Коровин далее спорить не осмелился. Развёл руками — мол, делайте что хотите, — повернулся да вышел.
— Пойдём-ка, Матюша.
Епископ ласково взял больного за руку, повёл из тёмной лаборатории в спальню.
— Ты, Пелагия, с нами не ходи. Когда можно будет — кликну.
— Хорошо, отче, я в лаборатории подожду, — поклонилась Лисицына.
Бердичевского владыка усадил на кровать, себе пододвинул стул. Помолчали. Митрофаний смотрел на Матвея Бенционовича, тот — в стену.
— Матвей, неужто вправду меня не узнал? — не выдержал преосвященный.

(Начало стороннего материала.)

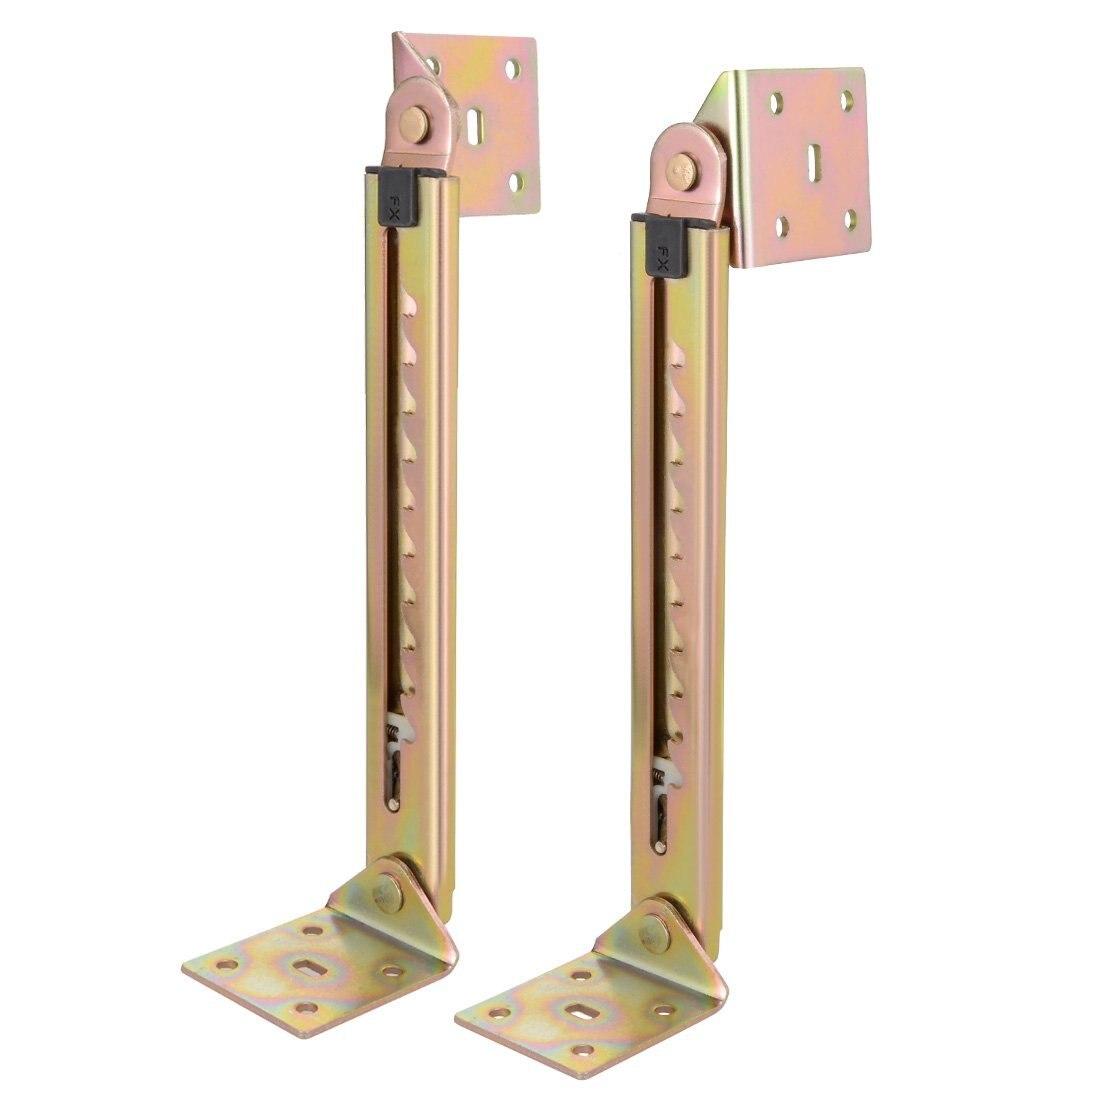 1 Pair Angle Lifting Rod Desk 10 Gear Adjusting Hinge Angle Hinge With Bracket

Только тогда Бердичевский перевёл на него взгляд. Помигал, сказал неуверенно:
— Вы ведь духовная особа? Вот и панагия у вас на груди. Ваше лицо мне знакомо. Должно быть, я вас во сне видел.
— А ты меня потрогай. Я тебе не снюсь. Разве ты не рад мне?
Матвей Бенционович послушно потрогал посетителя за рукав. Вежливо ответил:
— Отчего же, очень рад.
Посмотрел на владыку ещё и вдруг заплакал — тихонько, без голоса, но со многими слезами.
Проявлению чувств, пускай даже такому, Митрофаний обрадовался. Принялся поглаживать убогого по голове и сам всё приговаривал:
— Поплачь, поплачь, со слезами из души яд выходит.
Но Бердичевский, кажется, пристроился плакать надолго. Всё лил слёзы, лил, и что-то очень уж монотонно. И плач был странный, похожий на затяжную осеннюю морось. Преосвященный весь свой платок измочил, утирая духовному сыну лицо, а платок был изрядный, мало не в аршин.
Нахмурился епископ.
— Ну-ну, поплакал и будет. Я ведь к тебе с хорошими вестями, очень хорошими.
Матвей Бенционович покорно похлопал глазами, и те немедленно высохли.
— Это хорошо, когда хорошие вести, — заметил он.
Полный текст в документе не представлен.